Running main command with Pipeline options

To pass Pipeline options via the command line, use --args in a gradle command as follows:

./gradle run
    --args="
        --serverName=<SNOWFLAKE SERVER NAME>
           Example: --serverName=account.region.gcp.snowflakecomputing.com
        --username=<SNOWFLAKE USERNAME>
           Example: --username=testuser
        --password=<SNOWFLAKE PASSWORD>
           Example: --password=mypassword
        --database=<SNOWFLAKE DATABASE>
           Example: --database=TEST_DATABASE
        --schema=<SNOWFLAKE SCHEMA>
           Example: --schema=public
        --table=<SNOWFLAKE TABLE IN DATABASE>
           Example: --table=TEST_TABLE
        --query=<IF NOT TABLE THEN QUERY>
           Example: --query=‘SELECT column FROM TABLE’
        --storageIntegrationName=<SNOWFLAKE STORAGE INTEGRATION NAME>
           Example: --storageIntegrationName=my_integration
        --stagingBucketName=<GCS OR S3 BUCKET>
           Example: --stagingBucketName={gs,s3}://bucket/
        --runner=<DirectRunner/DataflowRunner>
           Example: --runner=DataflowRunner
        --project=<FOR DATAFLOW RUNNER: GCP PROJECT NAME>
           Example: --project=my_project
        --tempLocation=<FOR DATAFLOW RUNNER: GCS TEMP LOCATION STARTING
                        WITH gs://…>
           Example: --tempLocation=gs://bucket/temp/
        --region=<FOR DATAFLOW RUNNER: GCP REGION>
           Example: --region=us-east-1
        --appName=<OPTIONAL: DATAFLOW JOB NAME PREFIX>
           Example: --appName=my_job"

Then in the code it is possible to access the parameters with arguments using the options.getStagingBucketName() command.

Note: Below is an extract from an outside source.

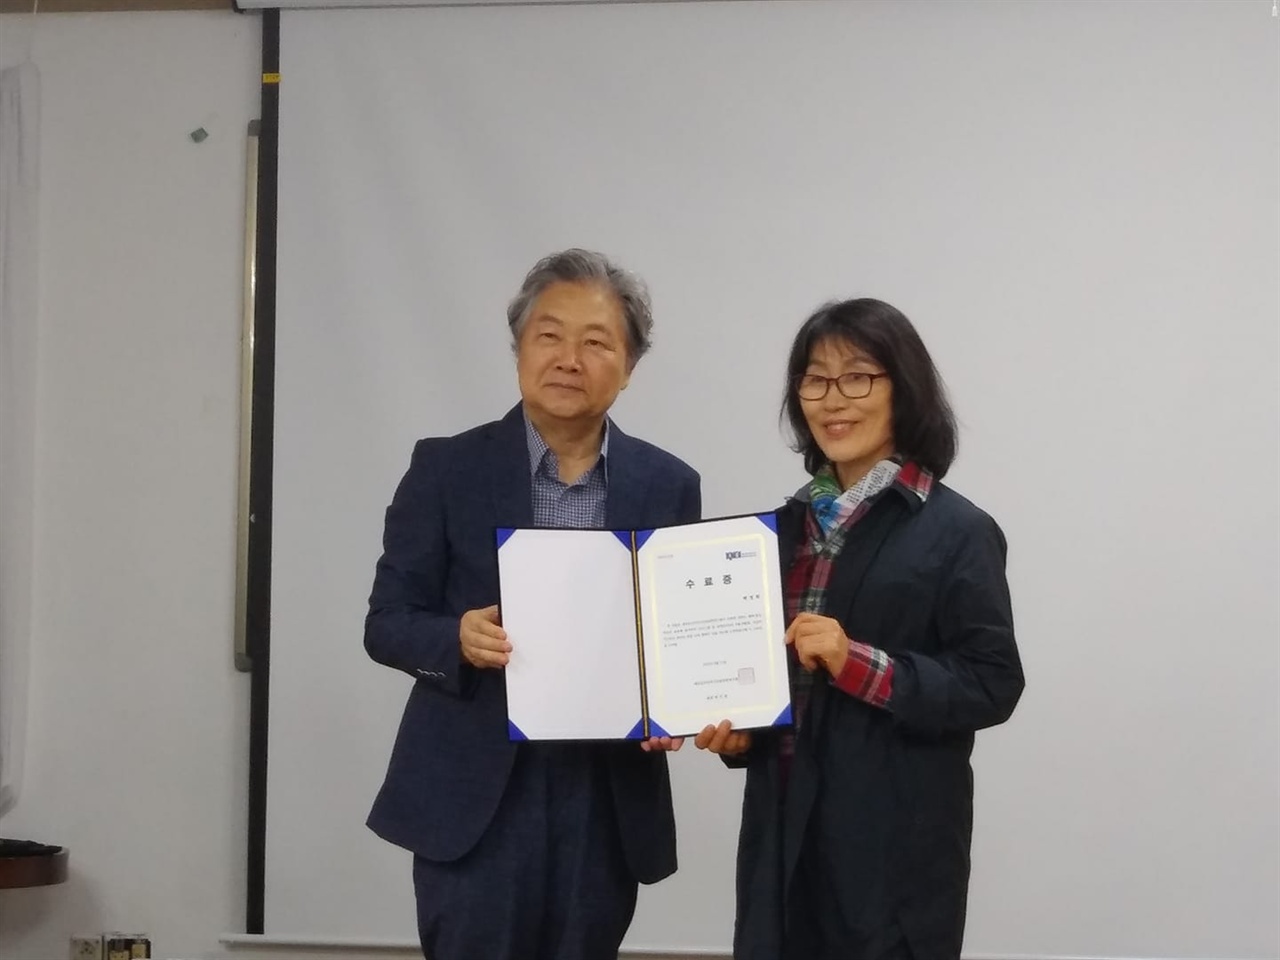  소설가 백정희씨가 평화통일학교 수료증을 받고 있다.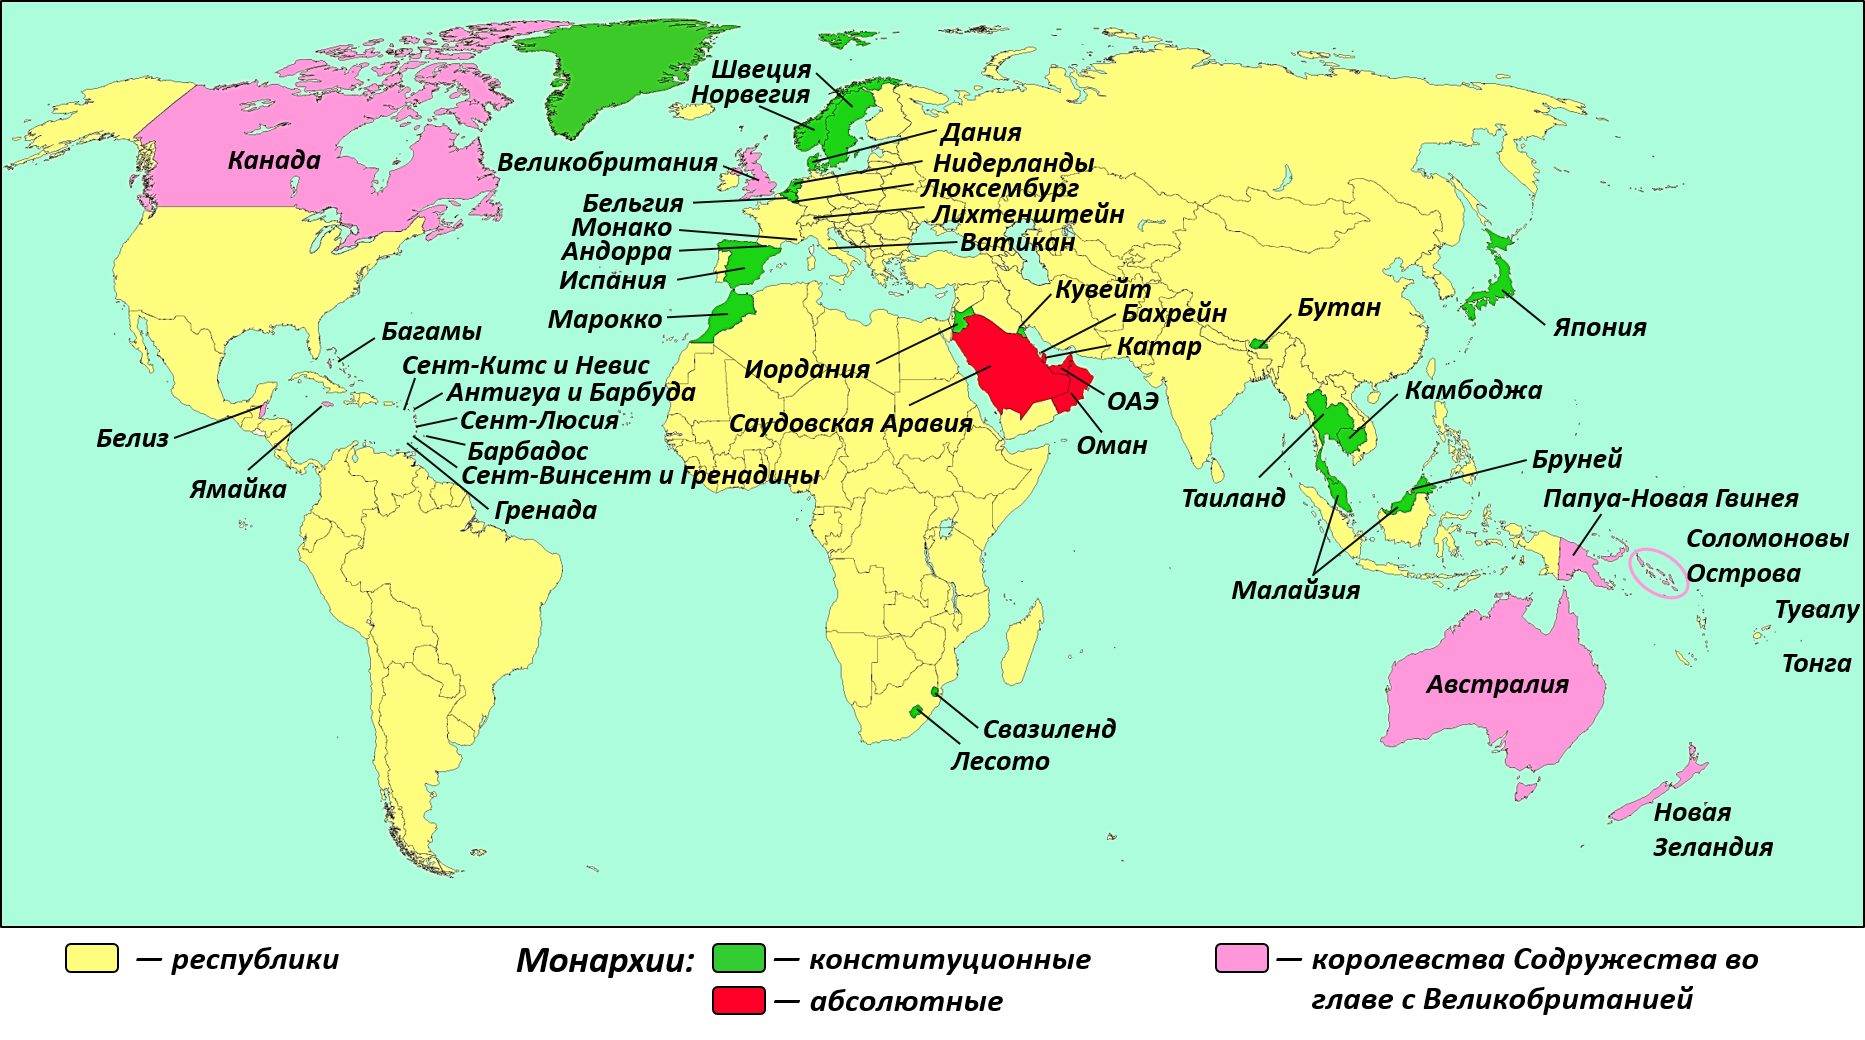 Страны с конституционной монархией на карте. Государства с республиканской формой правления Европы на карте.

Running test command with Pipeline options

To pass Pipeline options via the command line, use -DintegrationTestPipelineOptions in a gradle command as follows:

./gradlew test --tests nameOfTest
-DintegrationTestPipelineOptions='[
  "--serverName=<SNOWFLAKE SERVER NAME>",
      Example: --serverName=account.region.gcp.snowflakecomputing.com
  "--username=<SNOWFLAKE USERNAME>",
      Example: --username=testuser
  "--password=<SNOWFLAKE PASSWORD>",
      Example: --password=mypassword
  "--schema=<SNOWFLAKE SCHEMA>",
      Example: --schema=PUBLIC
  "--table=<SNOWFLAKE TABLE IN DATABASE>",
      Example: --table=TEST_TABLE
  "--database=<SNOWFLAKE DATABASE>",
      Example: --database=TEST_DATABASE
  "--storageIntegrationName=<SNOWFLAKE STORAGE INTEGRATION NAME>",
      Example: --storageIntegrationName=my_integration
  "--stagingBucketName=<GCS OR S3 BUCKET>",
      Example: --stagingBucketName={gs,s3}://bucket
  "--externalLocation=<GCS BUCKET URL STARTING WITH GS://>",
      Example: --tempLocation=gs://bucket/temp/
]' --no-build-cache

Where all parameters are starting with “–”, they are surrounded with double quotation and separated with comma:

--serverName=<SNOWFLAKE SERVER NAME>
- Specifies the full name of your account (provided by Snowflake). Note that your full account name might include additional segments that identify the region and cloud platform where your account is hosted.
- Example: --serverName=xy12345.eu-west-1.gcp..snowflakecomputing.com
--username=<SNOWFLAKE USERNAME>
- Specifies the login name of the user.
- Example: --username=my_username
--password=<SNOWFLAKE PASSWORD>
- Specifies the password for the specified user.
- Example: --password=my_secret
--schema=<SNOWFLAKE SCHEMA>
- Specifies the schema to use for the specified database once connected. The specified schema should be an existing schema for which the specified user’s role has privileges.
- Example: --schema=PUBLIC
--table=<SNOWFLAKE TABLE IN DATABASE>
- Example: --table=MY_TABLE
--database=<SNOWFLAKE DATABASE>
- Specifies the database to use once connected. The specified database should be an existing database for which the specified user’s role has privileges.
- Example: --database=MY_DATABASE
--storageIntegrationName=<SNOWFLAKE STORAGE INTEGRATION NAME>
- Name of storage integration created in Snowflake for a cloud storage of choice.
- Example: --storageIntegrationName=my_google_integration

Running pipelines on Dataflow

By default, pipelines are run on Direct Runner on your local machine. To run a pipeline on Google Dataflow, you must provide the following Pipeline options:

--runner=DataflowRunner
- The Dataflow’s specific runner.
--project=<GCS PROJECT>
- Name of the Google Cloud Platform project.
--stagingBucketName=<GCS OR S3 BUCKET>
- Google Cloud Services bucket or AWS S3 bucket where the Beam files will be staged.
--maxNumWorkers=5
- (optional) Maximum number of workers.
--appName=<JOB NAME>
- (optional) Prefix for the job name in the Dataflow Dashboard.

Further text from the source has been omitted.